# Any red snapper?



## AfterHours2 (Aug 2, 2010)

Today was the first day of the opening of the infamous and protected ARS mini season. Did anyone do any good? I'm not heading out until Sunday but the boat cruised without me today and only managed to slay the Cobes and Kings like usual. It's amazing how once the season opens up these pesky bastards know its hiding time :-[


----------



## TwoKids (Jan 2, 2013)

My crew went without me as well and despite the full moon they did good. Caught a total of 14 ARS (kept their limit of 7) and a monster cobia. No biggin ARS, all in the 7-15 range. The cobia was 75+. No grouper. Out of Ponce in 120'. Got checked by the man on the way in. P-lot at the ramp was slap full. They did say the bite shut off all at once around 1000. They were in shortly after noon.


----------



## AfterHours2 (Aug 2, 2010)

Well, today the VRO took a dump on us so the boats grounded until next week. Anyone heading out of east central tomorrow?


----------



## erussell (Mar 31, 2011)

We went NE out of Port Canaveral on Saturday, got our limit, smallest ARS we kept was 16lbs. Got a nice mid 20's gag and a solid scamp. Like posted above the fishing shut off at about 10:30 for us.


----------



## TwoKids (Jan 2, 2013)

Great family day out of ponce today, weather was perfect, ocean was like glass. Bite was hot all day in 120' and on fire between 1100-1200. Limited out on ARS (3 were over 15), had dolphin and AJs show up around the boat to keep the kids busy.  Also caught some nice size red grouper. While catching bait in the morning I snagged something I've never seen before, a mantis shrimp. It is an amazing looking creature.


----------



## AfterHours2 (Aug 2, 2010)

Nice job Twokids [smiley=1-thumbsup3.gif] [smiley=1-thumbsup3.gif]

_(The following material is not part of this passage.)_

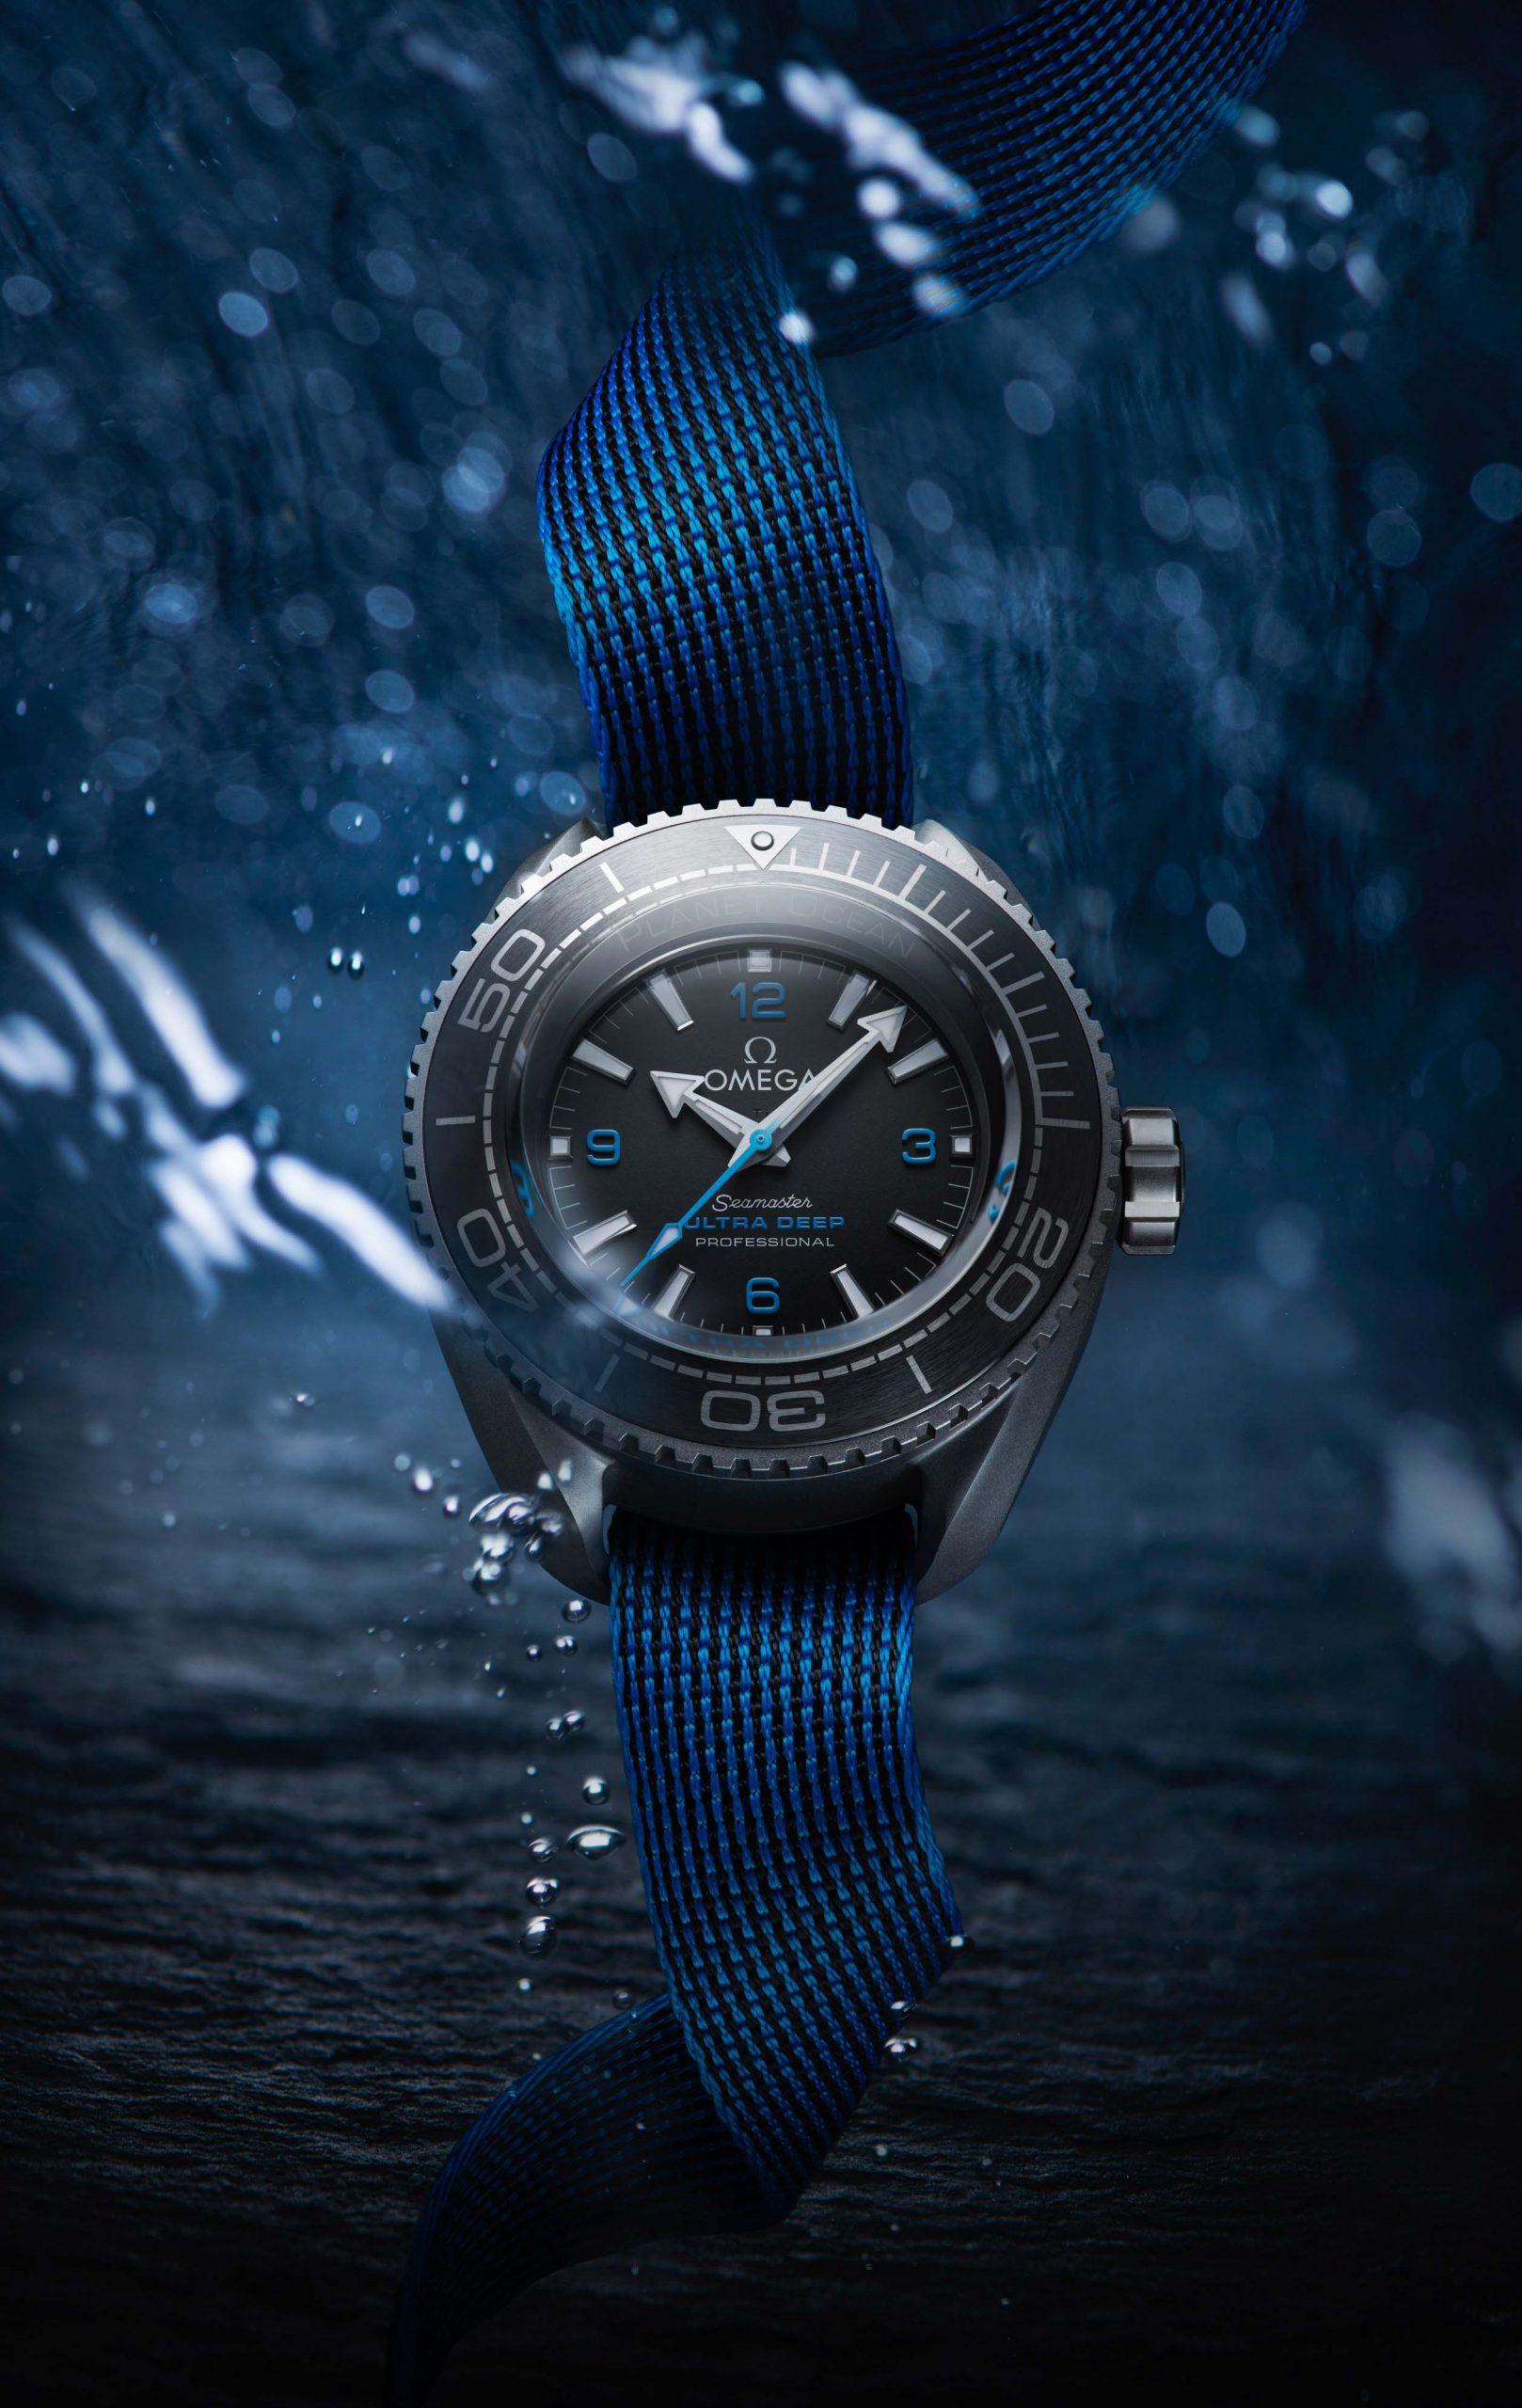 đồng hồ lặn OMEGA Ultra Deep Professional

Not as many reds here but the dolphin were out of canaveral too


----------



## cutrunner (Jun 8, 2010)

Did you eat the mantis shrimp?


----------



## TwoKids (Jan 2, 2013)

No. An Atlantic Sharpnose did. I'll tell you what, that joker wreaked havoc in the live well. It took out 3 pinfish while waiting his turn.


----------



## CurtisWright (May 9, 2012)

It was slick calm a few weekends ago. I managed to get the Fowl River 16 offshore for some micro snapper fishing. only stayed for about 15 min but we caught a 20lb red and then high tailed it back in.


----------